▶ **Information supplied**
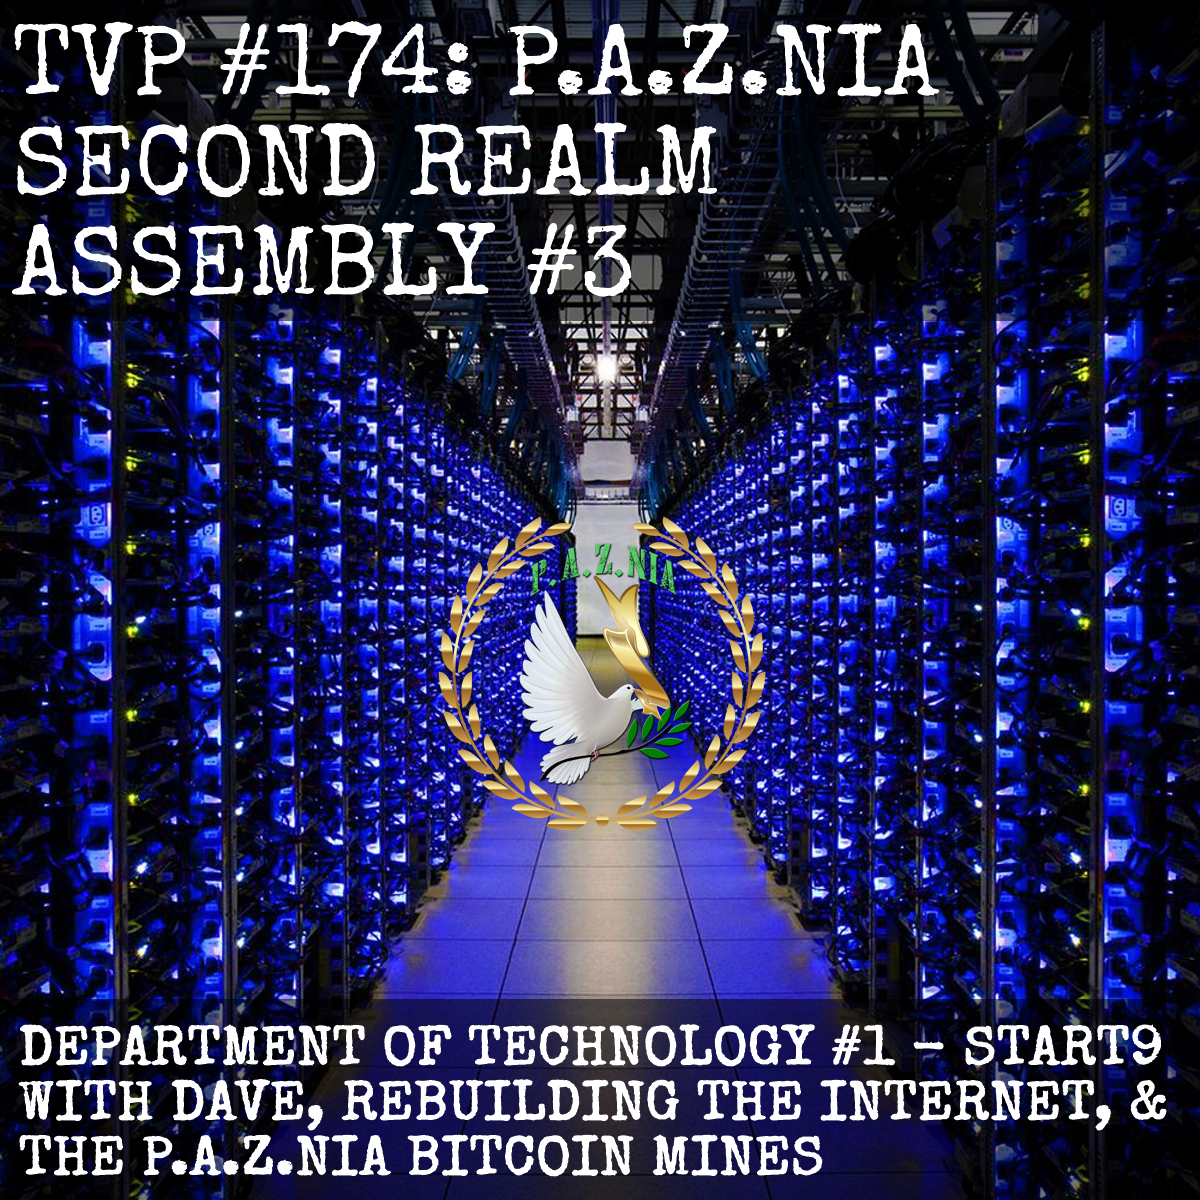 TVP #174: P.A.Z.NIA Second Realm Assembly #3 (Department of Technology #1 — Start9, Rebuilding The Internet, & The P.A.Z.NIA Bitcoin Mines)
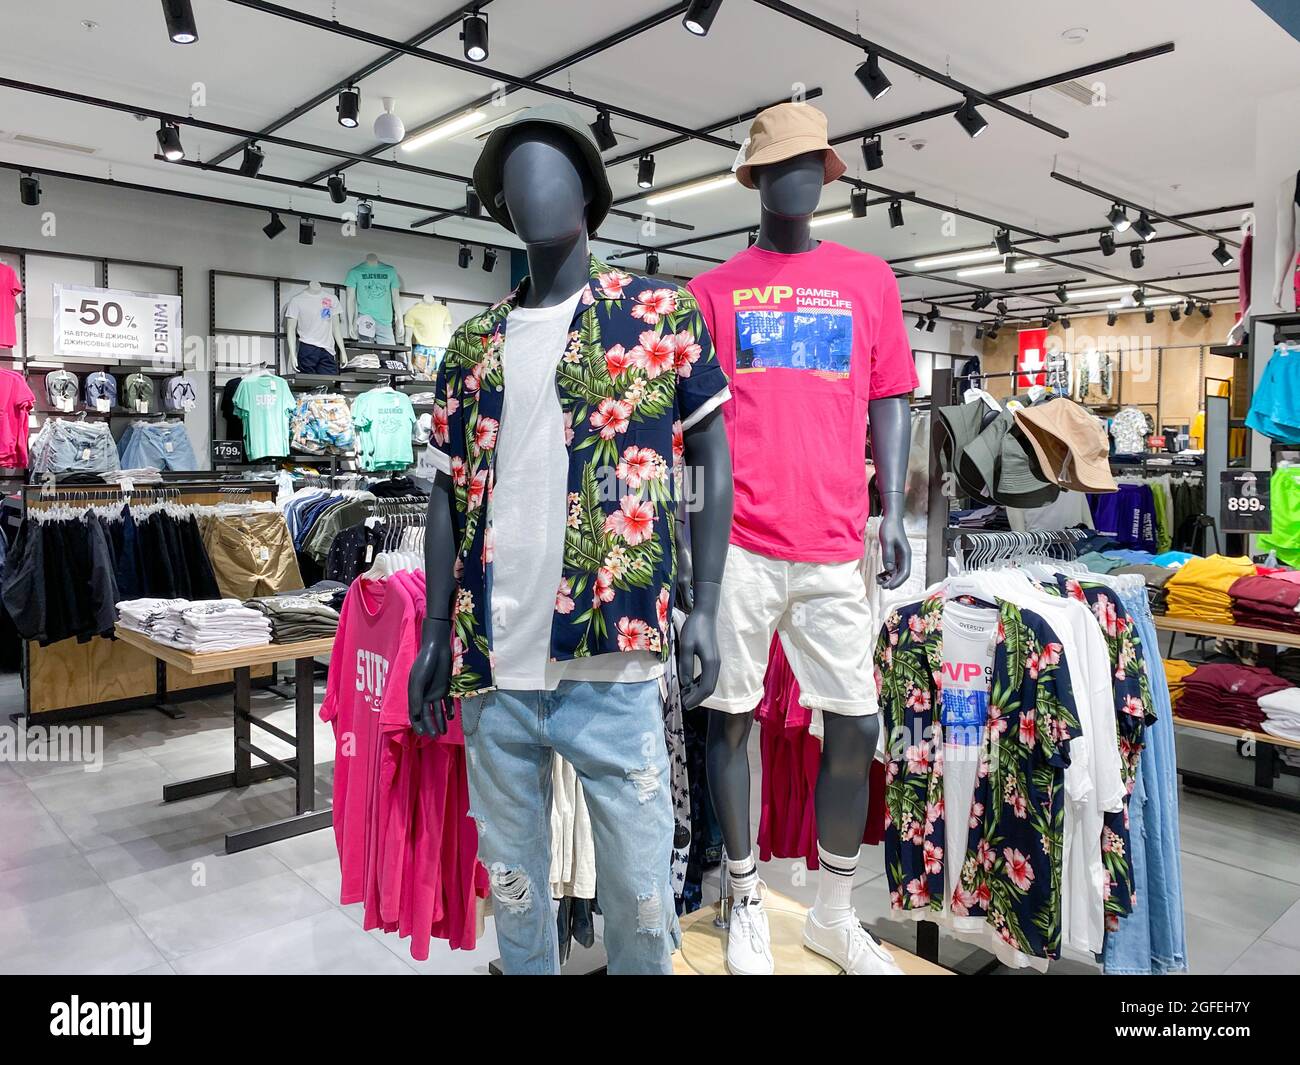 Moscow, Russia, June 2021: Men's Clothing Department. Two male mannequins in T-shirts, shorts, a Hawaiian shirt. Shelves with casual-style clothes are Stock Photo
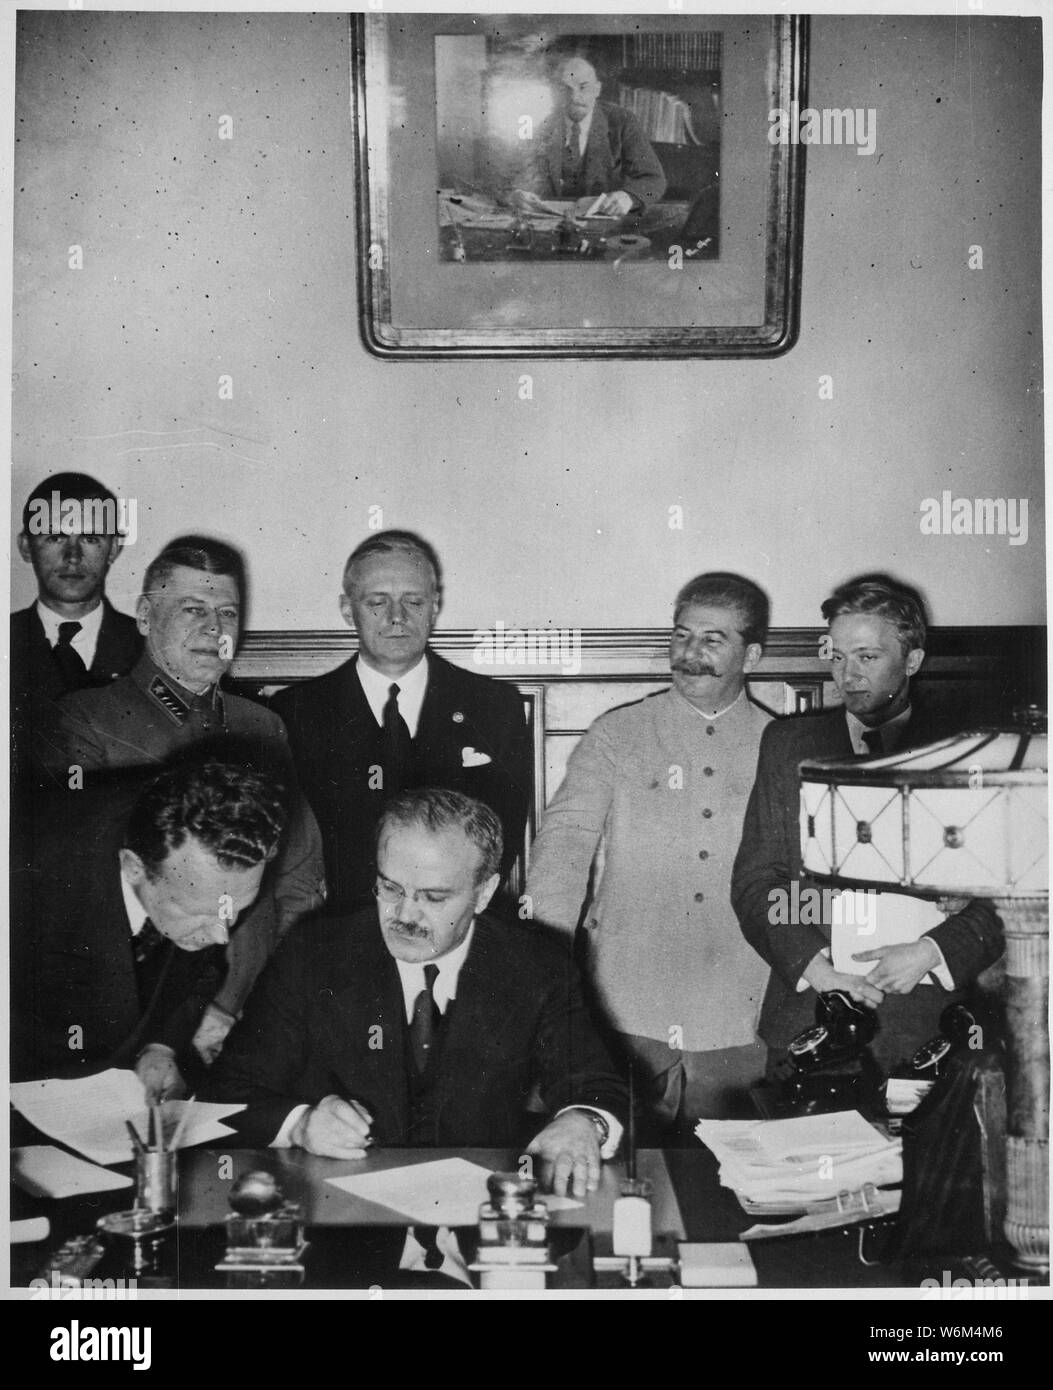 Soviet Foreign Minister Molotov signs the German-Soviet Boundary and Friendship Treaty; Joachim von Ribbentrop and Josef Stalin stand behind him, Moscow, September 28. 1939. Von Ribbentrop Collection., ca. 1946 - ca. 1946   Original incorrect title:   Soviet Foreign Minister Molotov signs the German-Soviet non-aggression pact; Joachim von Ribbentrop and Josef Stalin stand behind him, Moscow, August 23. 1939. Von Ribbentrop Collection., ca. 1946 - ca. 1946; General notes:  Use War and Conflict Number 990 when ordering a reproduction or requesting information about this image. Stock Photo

▶ **Exercise prompt**
Starting at the line that contains "Moscow, Russia, June", retype each line through the end of the data exactly, and leave out every picture.

▶ **Exercise result**
 Moscow, Russia, June 2021: Men's Clothing Department. Two male mannequins in T-shirts, shorts, a Hawaiian shirt. Shelves with casual-style clothes are Stock Photo
 Soviet Foreign Minister Molotov signs the German-Soviet Boundary and Friendship Treaty; Joachim von Ribbentrop and Josef Stalin stand behind him, Moscow, September 28. 1939. Von Ribbentrop Collection., ca. 1946 - ca. 1946   Original incorrect title:   Soviet Foreign Minister Molotov signs the German-Soviet non-aggression pact; Joachim von Ribbentrop and Josef Stalin stand behind him, Moscow, August 23. 1939. Von Ribbentrop Collection., ca. 1946 - ca. 1946; General notes:  Use War and Conflict Number 990 when ordering a reproduction or requesting information about this image. Stock Photo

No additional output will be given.